# Apprenticeship process ?s



## HARRY304E (Sep 15, 2010)

1000ghost said:


> I applied to JATC a few months ago and have already taken the tests and gone to an interview. I got my ranking today (14), but was told that they send out acceptance letters in a month. Are there other considerations at this point for who gets in or is it straight up ranking order? Whats a typical class size? Will I make it? Anybody who has been down this road before able to give me the play by play on what happens next?


I hope you make it in Good luck..:thumbup::thumbup:


----------



## Tom45acp (Sep 6, 2011)

How many actually enter the program depends on a few factors.


If the local is very large they will be taking in more apprentices.

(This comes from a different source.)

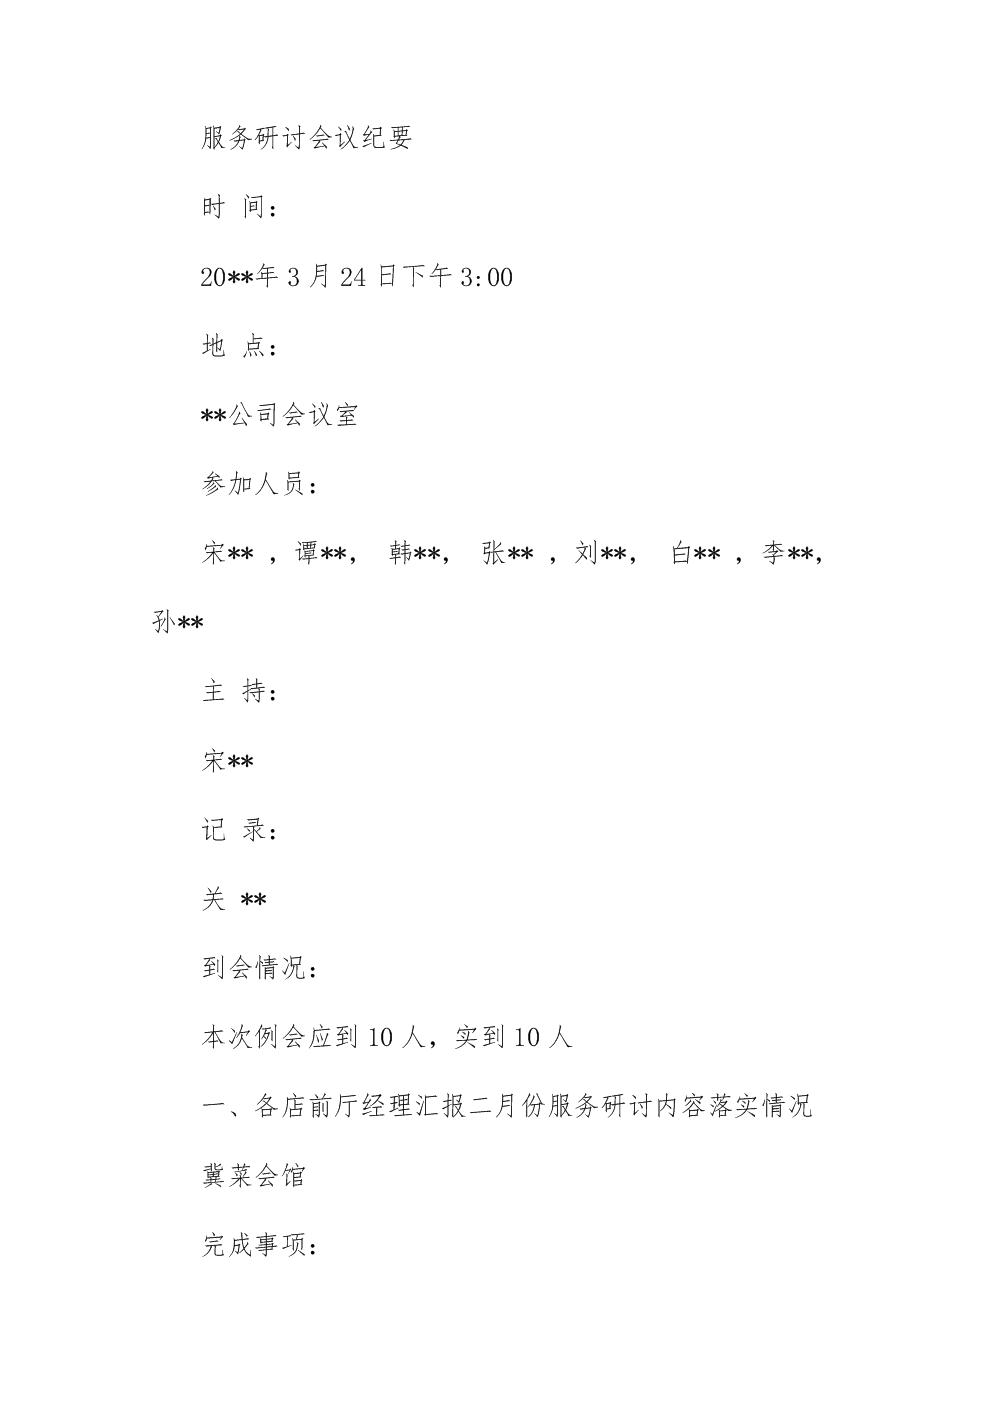 服务研讨会议纪要资料.doc
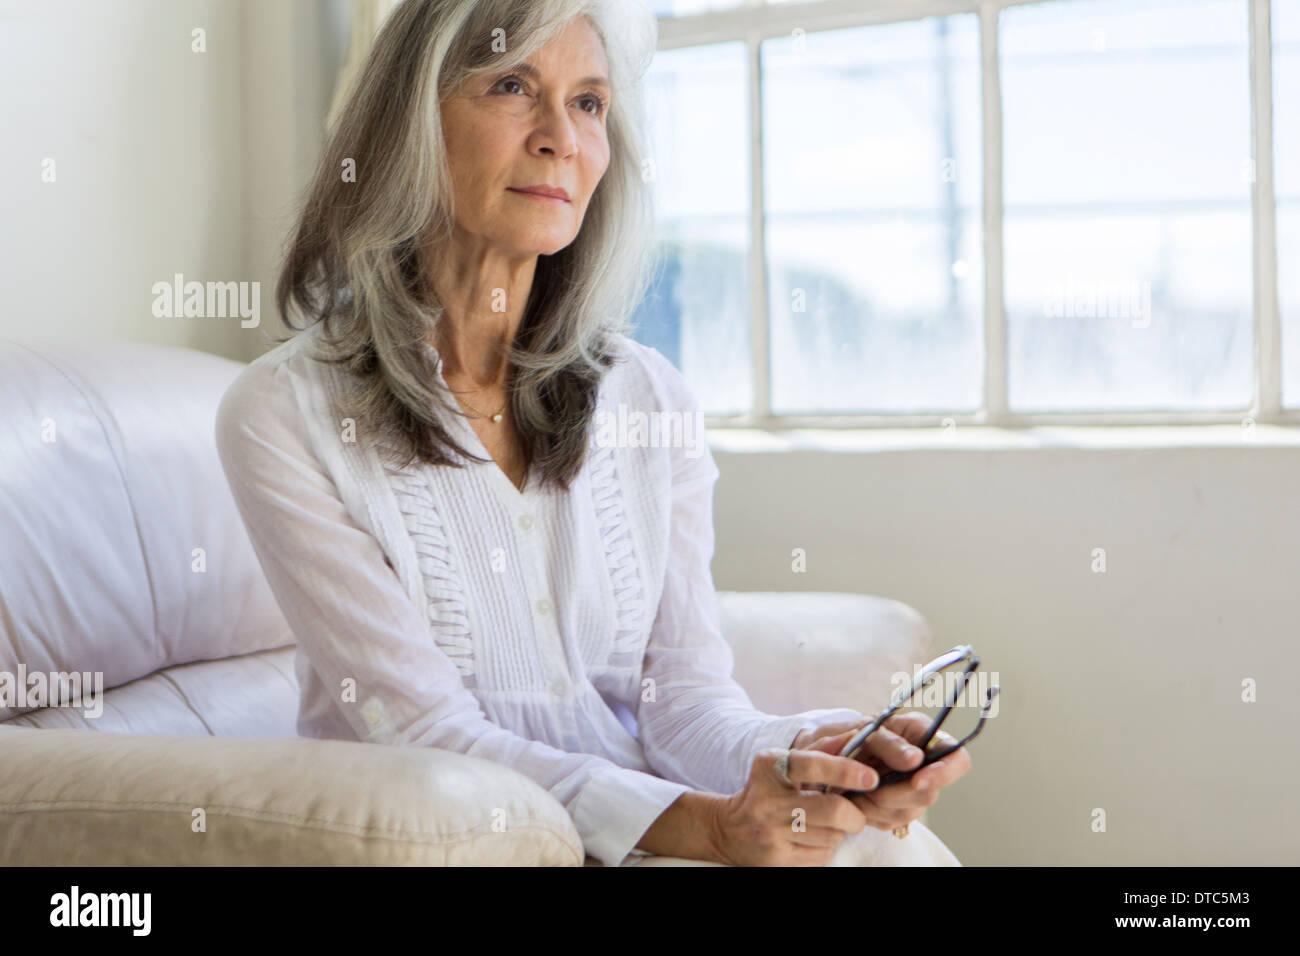 Porträt von attraktive ältere Frau sitzen in Wohnung Stockbild

Another factor is the age of existing members as they will need to be replaced as they retire.

Our program takes in about ten apprentices a year. I am not sure what our total membership is, but it is less than 500.

Good luck.


----------



## 1000ghost (Mar 23, 2013)

The local is large (3500) but I applied to the low/sound program so I'm not sure the typical demand there. 

If I do not make it in, I will be looking to try again. Hopefully with some experience this time. Nobody seems willing to hire entry-level / no exp. so that I can learn, unfortunately.


----------



## cwsims84 (Jan 21, 2012)

what Local?? Im just wrapping up the process with LU 48 Portland


----------